In a new series of campaign ads hitting the airwaves, U.S. Sen. Kelly Loeffler appeals to Georgia conservatives by depicting herself as “more to the right than Attila the Hun,” who appears in the ads as a grunting, vicious barbarian.
I’m admittedly an outsider to conservative circles, but that seems a curious choice: What is Loeffler trying to tell us about herself with such ads, and what makes her think that the voters whom she’s trying to attract would see Attila as a positive model?
It’s not as if Attila was pro-life, a defender of law and order or someone who respected private property. The man was a vicious killer who slaughtered every living soul in the cities that he conquered and plundered. It’s also not about low taxes; Attila “taxed” you by stealing everything you had.

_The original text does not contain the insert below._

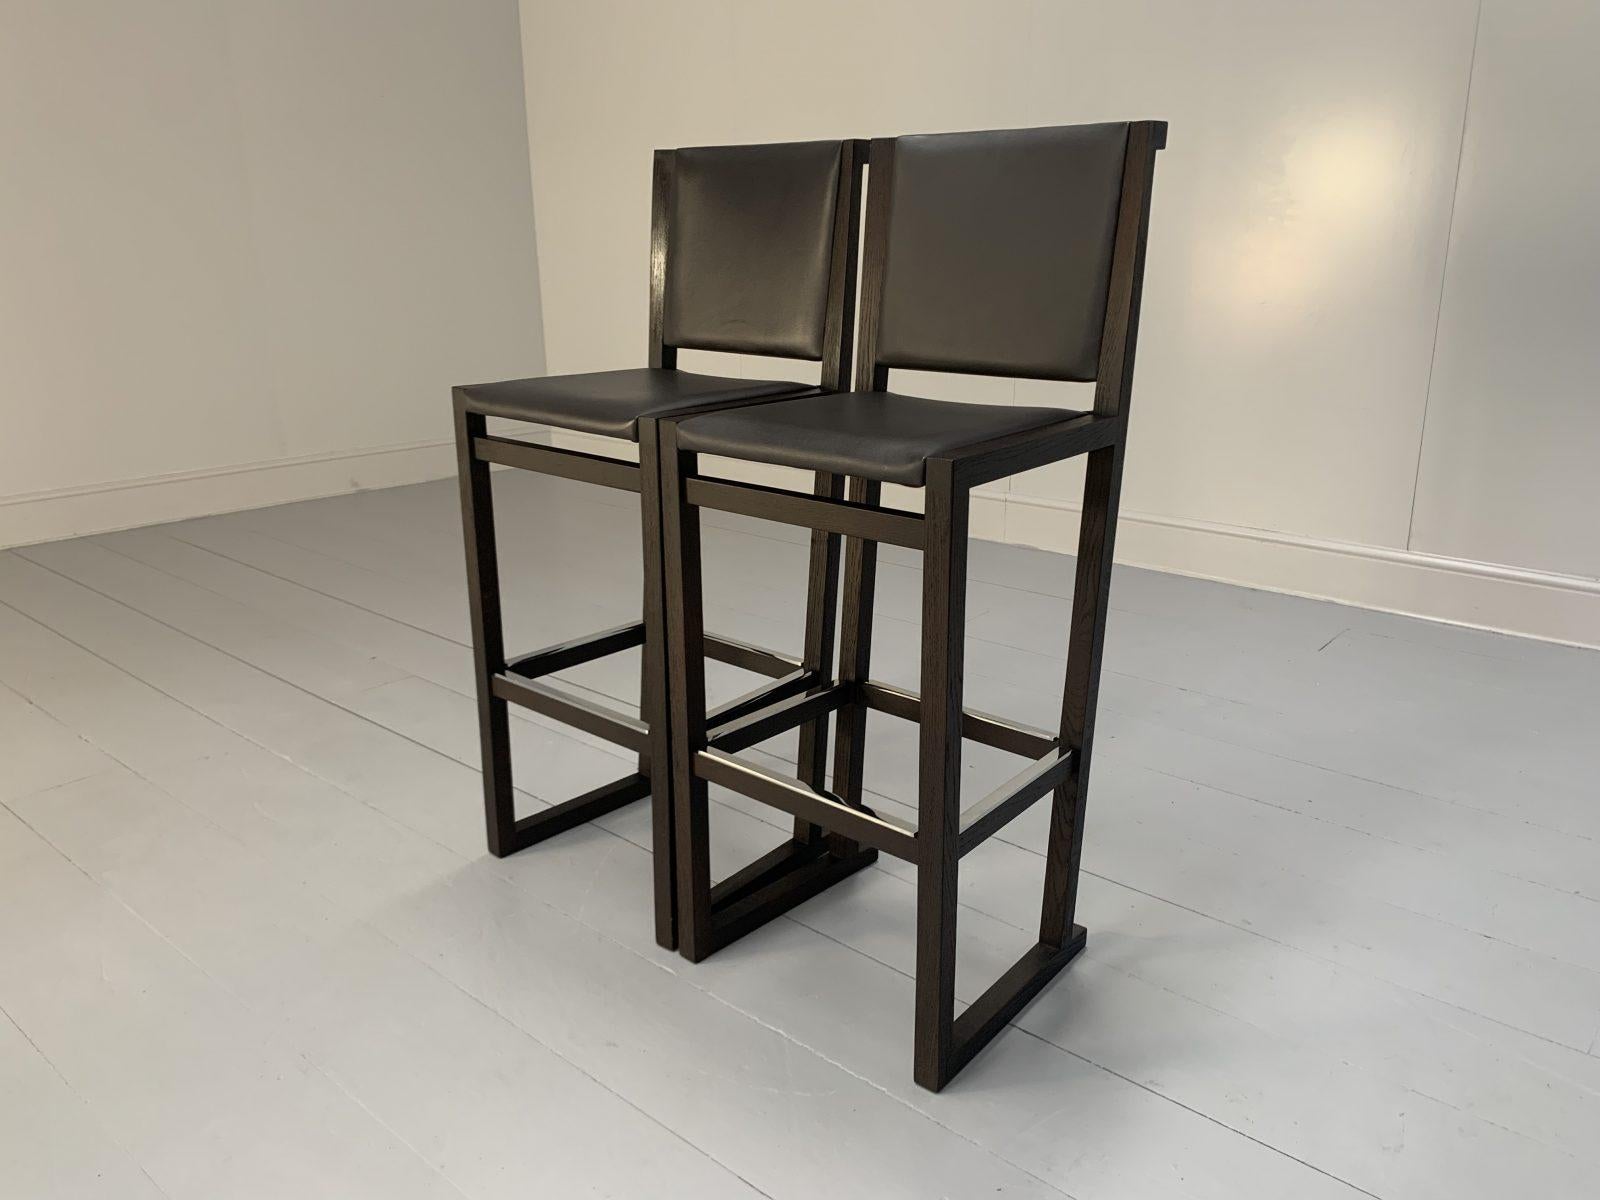 Contemporary Pair of B&B Italia “Musa SM46G” Tall Bar Stool Chairs – In Dark Grey “Kasia” Lea For Sale

It’s not his adherence to constitutional principles and liberty; like someone else we’ve come to know, Attila demanded total personal loyalty, and those who wouldn’t give it weren’t kept around very long. And it isn’t defense of religious freedom in general or of Christianity in particular; in the words of a chronicler in his day, Attila “took captive the churches and monasteries and slew the monks and maidens in great numbers.” In the fantasy world that conservatives have built for themselves, that would make Attila a liberal, right?
So it’s a mystery: What exactly makes Attila an icon for today’s conservatives? When did they abandon Ronald Reagan or Barry Goldwater as examples to be emulated and turn instead to a man renowned as brutal and cruel?
We got an inkling of an answer in the presidential debate on Tuesday night, which quickly devolved into a 90-minute microcosm of Donald Trump’s presidency. Throughout the debate Trump lied, provoked, attacked, ignored the rules, cheated, insulted, created chaos and incited violence, all to distract attention from his own incompetence and amorality.
At one point the moderator, Chris Wallace of Fox News, all but begged Trump to state publicly that he would abide by the results of the election.
Trump would not do so.
Wallace also asked Trump whether he would repudiate white supremacists and the armed militias that seem to be gathering in his support. Again, Trump refused to do so. Instead he cited the Proud Boys, one of the more violent right-wing bully-boy groups, instructing them to “stand back and stand by,” mumbling that “somebody’s got to do something about antifa and the left.”
The Proud Boys were ecstatic, treating Trump’s request to “stand by” as an order from their commander-in-chief to be ready when he called upon their services.
Loeffler has also signaled that she’s comfortable with such associations. In a photo released by her campaign on Twitter, Loeffler is shown campaigning in Ringgold alongside Marjorie Taylor Greene, the congressional candidate whose embrace of the bizarre QAnon theories and white supremacy has drawn stern disavowals from other Republicans. The photos also include several heavily armed militia members in cammo.
Those photos were not broadcast by accident. It’s one thing for people to show up at your event to demonstrate their support. As a candidate, you can’t control that and can’t be held to account for it. However, when a campaign sends out official photographs of such people alongside the candidate, it sends an official message that the candidate welcomes and embraces such support.
While that’s Loeffler’s right, it’s not a message that would have been sent by Johnny Isakson, a longtime Republican and Loeffler’s predecessor in that Senate seat. It’s not a message that any mainstream Republican would have been comfortable sending even four years ago.
But Attila the Hun would have liked it just fine.